# Try it:
From the line that contains "6 mẹo trang" to the last line of the data below, transcribe every line exactly. Do not include the pictures.

------ Data shown ------

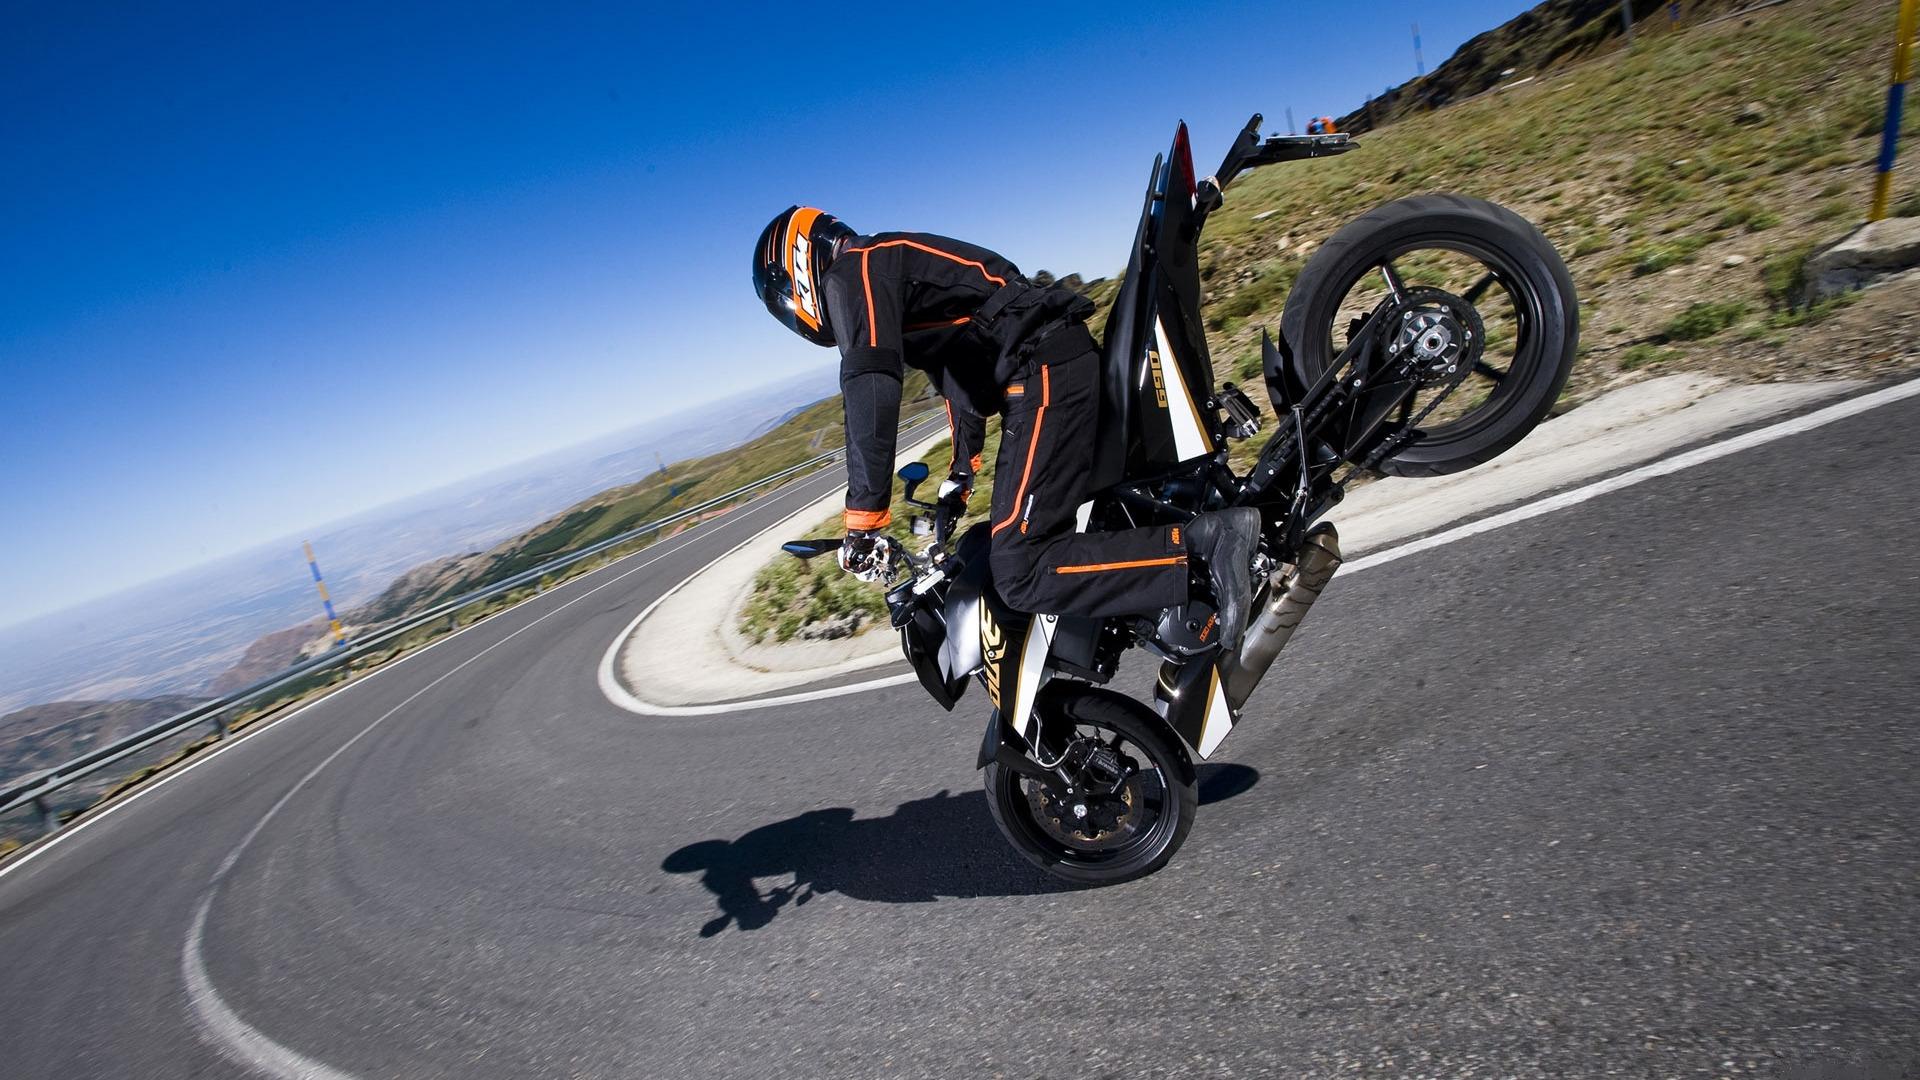 Motorbike Wallpapers  WallpaperSafari
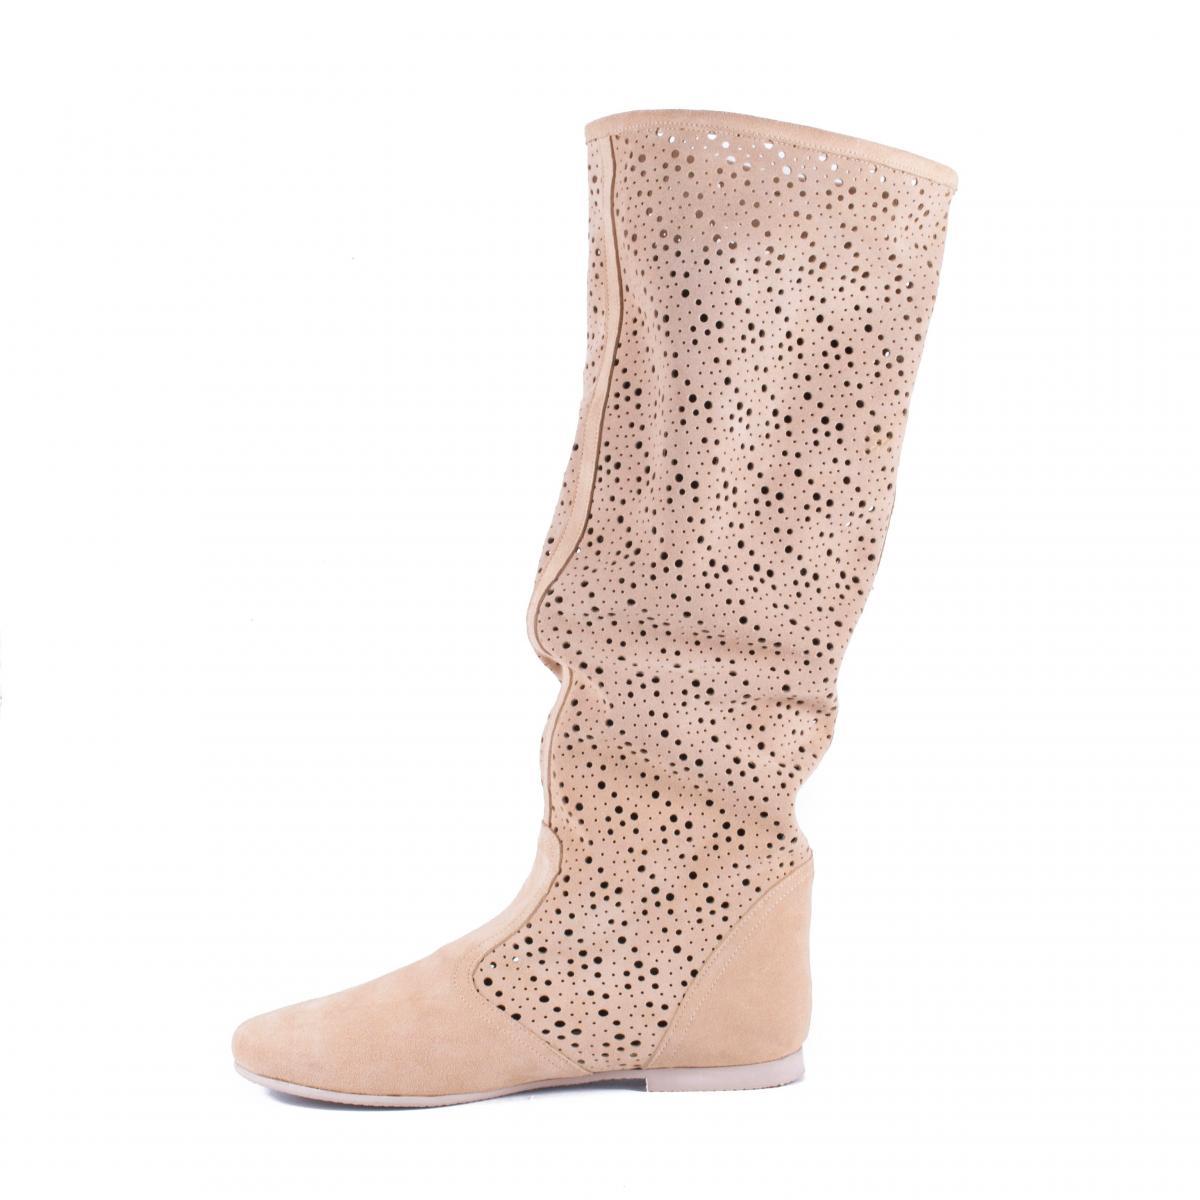 cumpărați cizme din varicoză varicoză pe picioare ca ea este înfricoșătoare
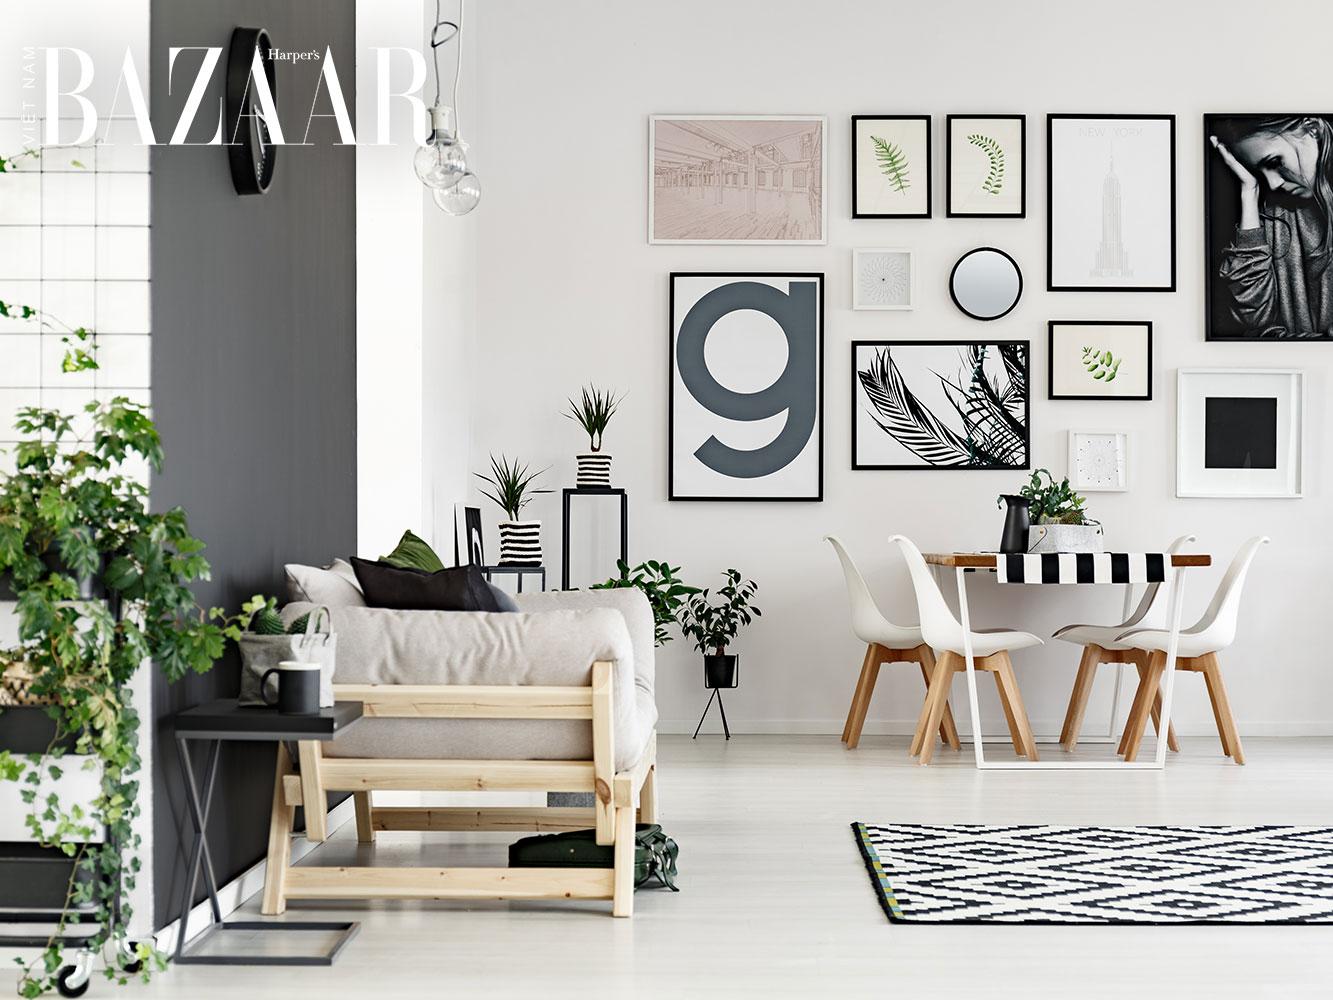 6 mẹo trang trí nhà cửa khiến căn hộ nhỏ trông to và thoáng đãng hơn
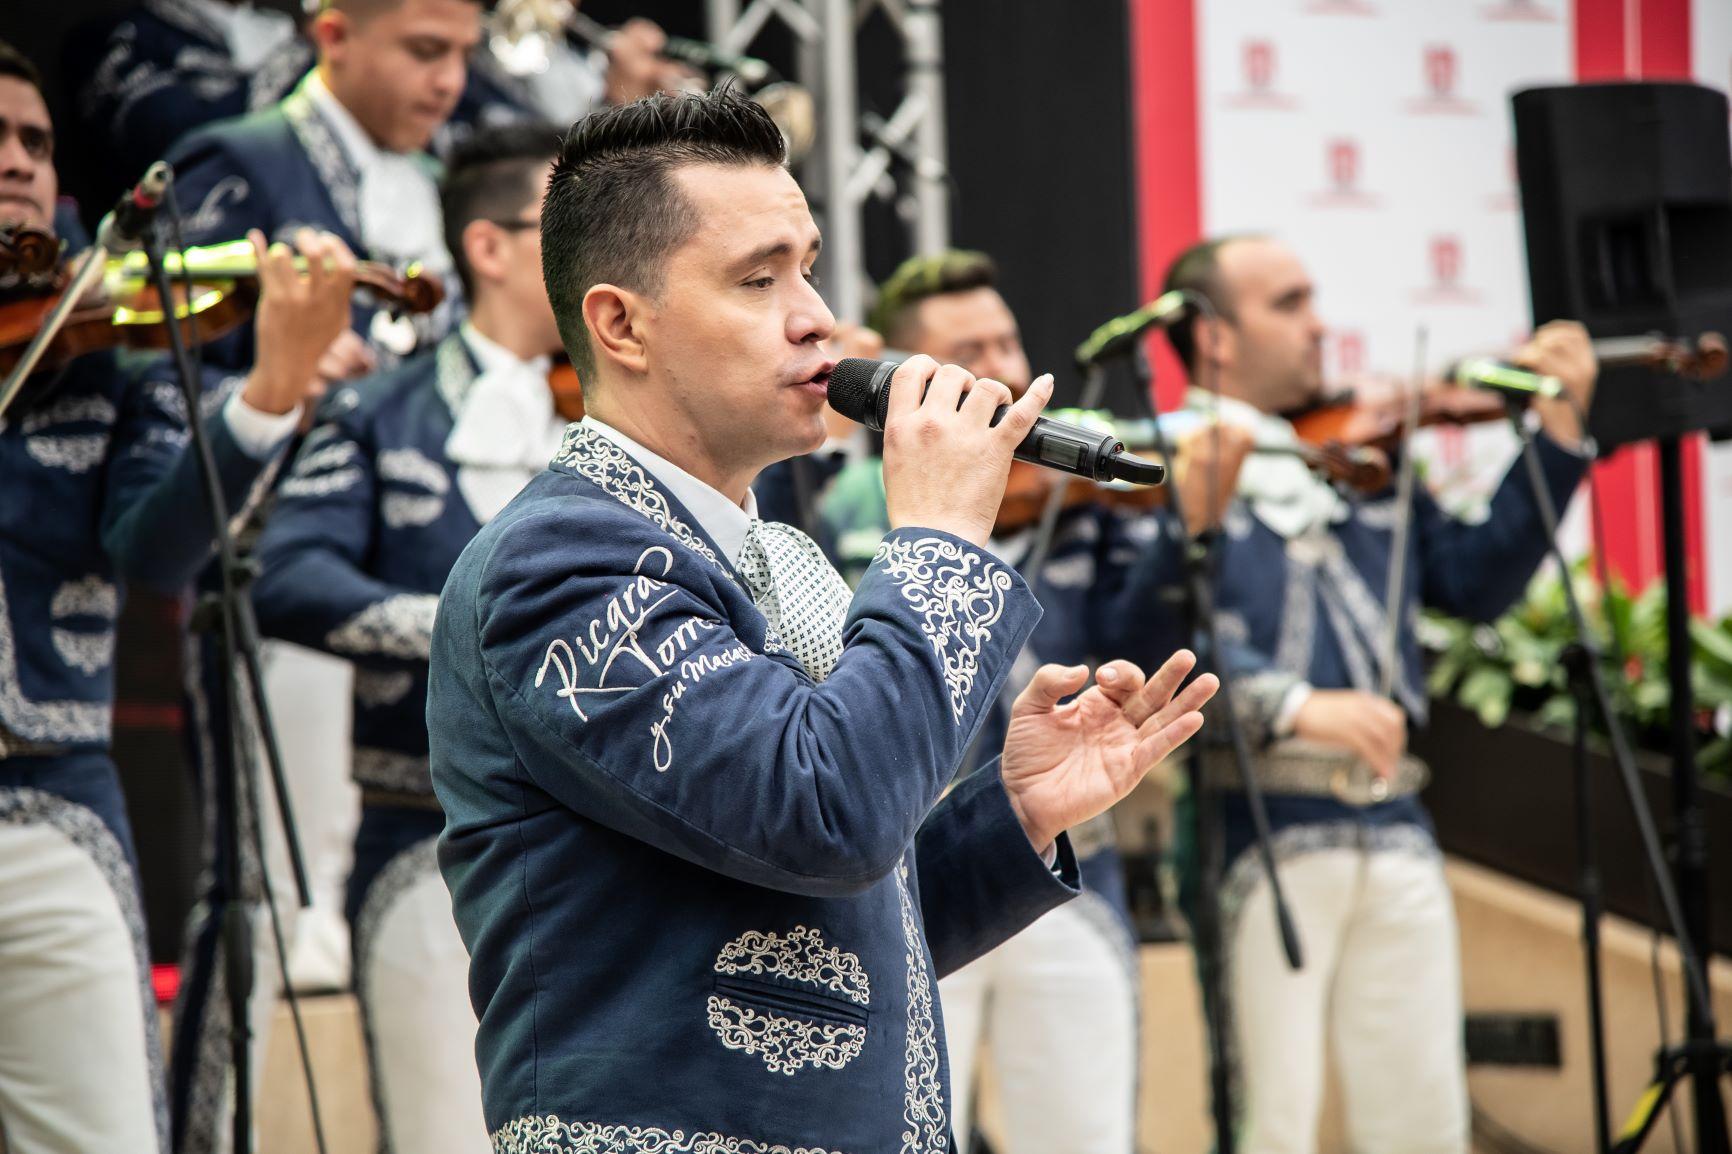 Los problemas legales que tuvo Ricardo Torres para ponerle nombre a su grupo de mariachis

------

# Reply:
 6 mẹo trang trí nhà cửa khiến căn hộ nhỏ trông to và thoáng đãng hơn
 Los problemas legales que tuvo Ricardo Torres para ponerle nombre a su grupo de mariachis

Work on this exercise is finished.